Architecture: actions-runner-controller on spot instances
actions-runner-controller (ARC) manages self-hosted runner pods in Kubernetes. Here’s how I set it up.
Cluster setup
Dedicate a node pool to CI runners using spot/preemptible instances. Taints keep production workloads off these nodes:
# Spot node pool configuration
nodePool:
name: ci-runners
machineType: c6a.xlarge
spotInstances: true
taints:
- key: workload-type
value: ci
effect: NoSchedule
labels:
role: ci-runner
ARC’s RunnerDeployment targets this pool with matching tolerations and a nodeSelector, so runners only land on spot nodes.

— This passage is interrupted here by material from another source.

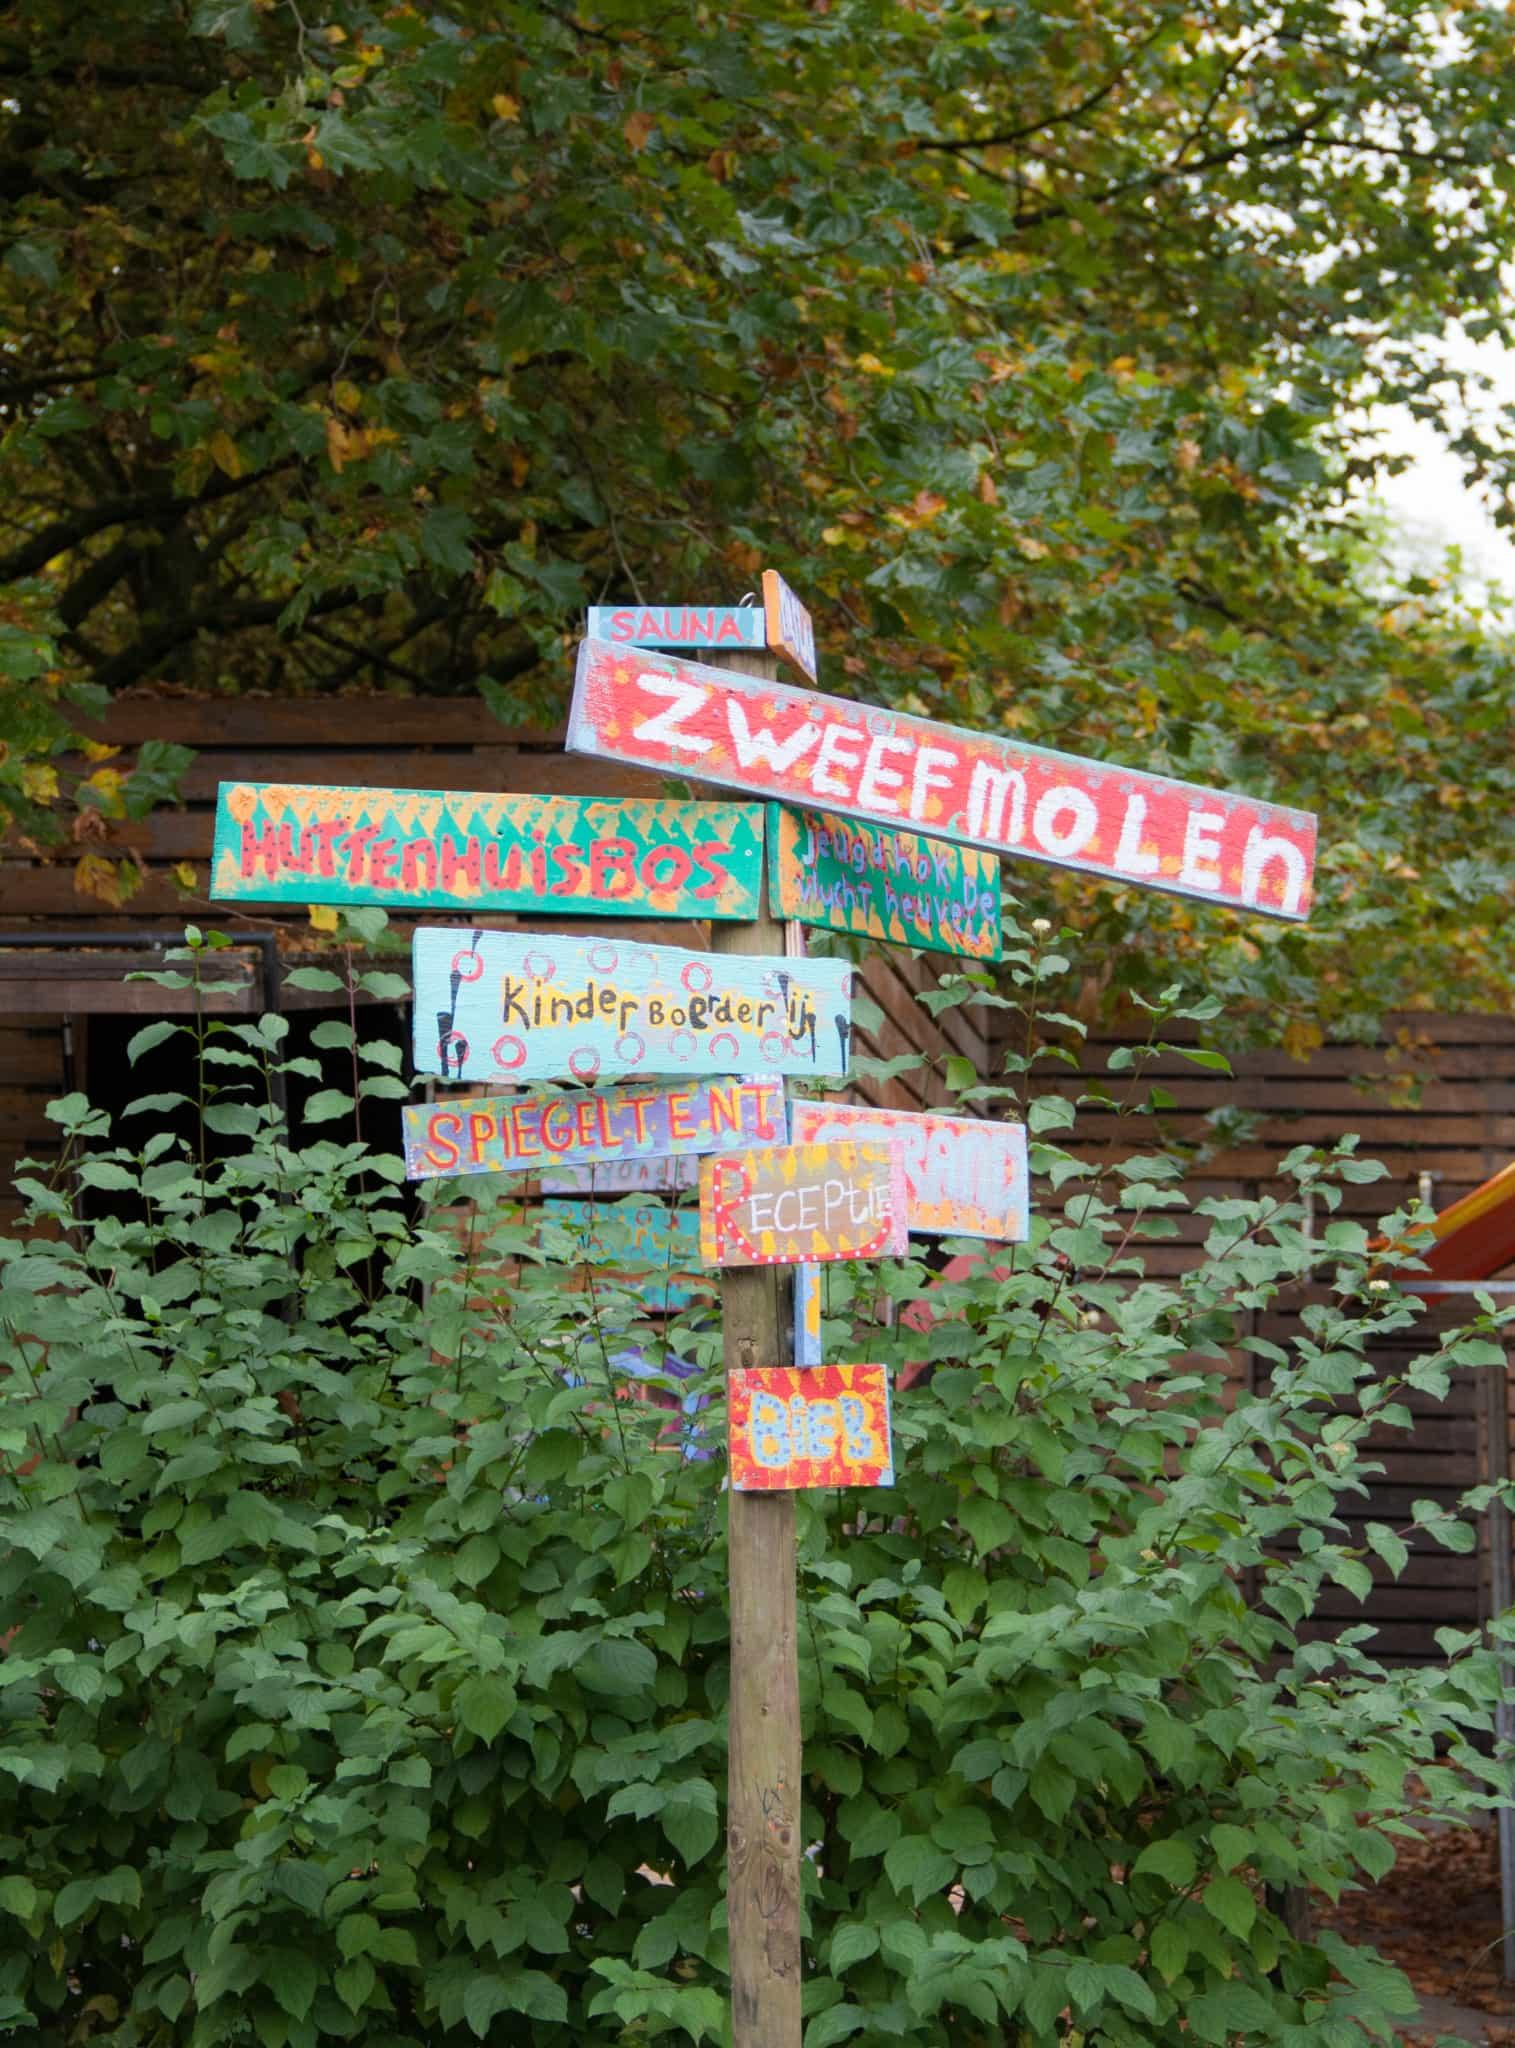 IMG 1654 - Familie tip: Camping de Lievelinge

Graceful preemption handling
Spot instances can be reclaimed with a two-minute warning. If you don’t handle this, builds get corrupted mid-run. The approach has three pieces:
- A termination handler DaemonSet watches the cloud provider’s metadata endpoint for interruption notices.
- On notice, the handler cordons the node and sends
SIGTERMto the runner process. - ARC’s runner reports failure gracefully, and the workflow’s
retrystrategy re-queues the job on a healthy node.

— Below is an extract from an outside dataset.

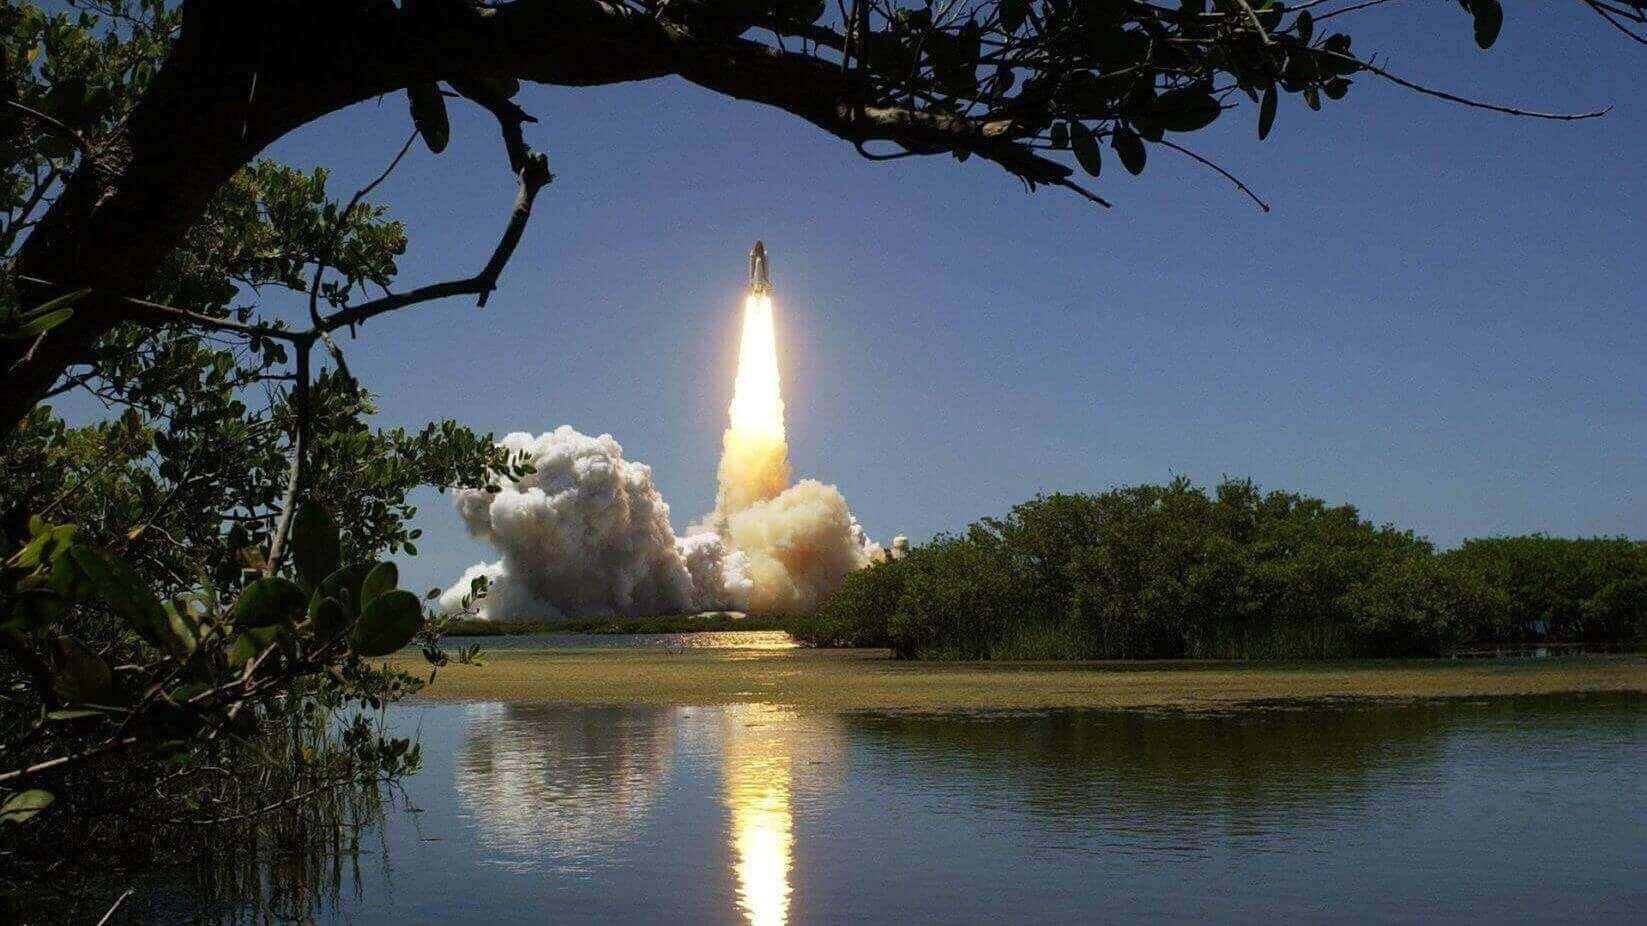 3D Printed Rocket Fuel Gets a Patent   All3DP

# Workflow with preemption-safe retry
jobs:
build:
runs-on: self-hosted
strategy:
max-parallel: 4
timeout-minutes: 30
# Re-queue on spot eviction
max-attempts: 2
Spot eviction rates on compute-heavy instance families (which are widely available) tend to sit between 3-8%. With retry logic, actual build failures from preemption drop below 1%.
The caching layer that makes it work
Spot savings are worthless if every evicted job restarts from scratch. You need persistent caching. Full stop.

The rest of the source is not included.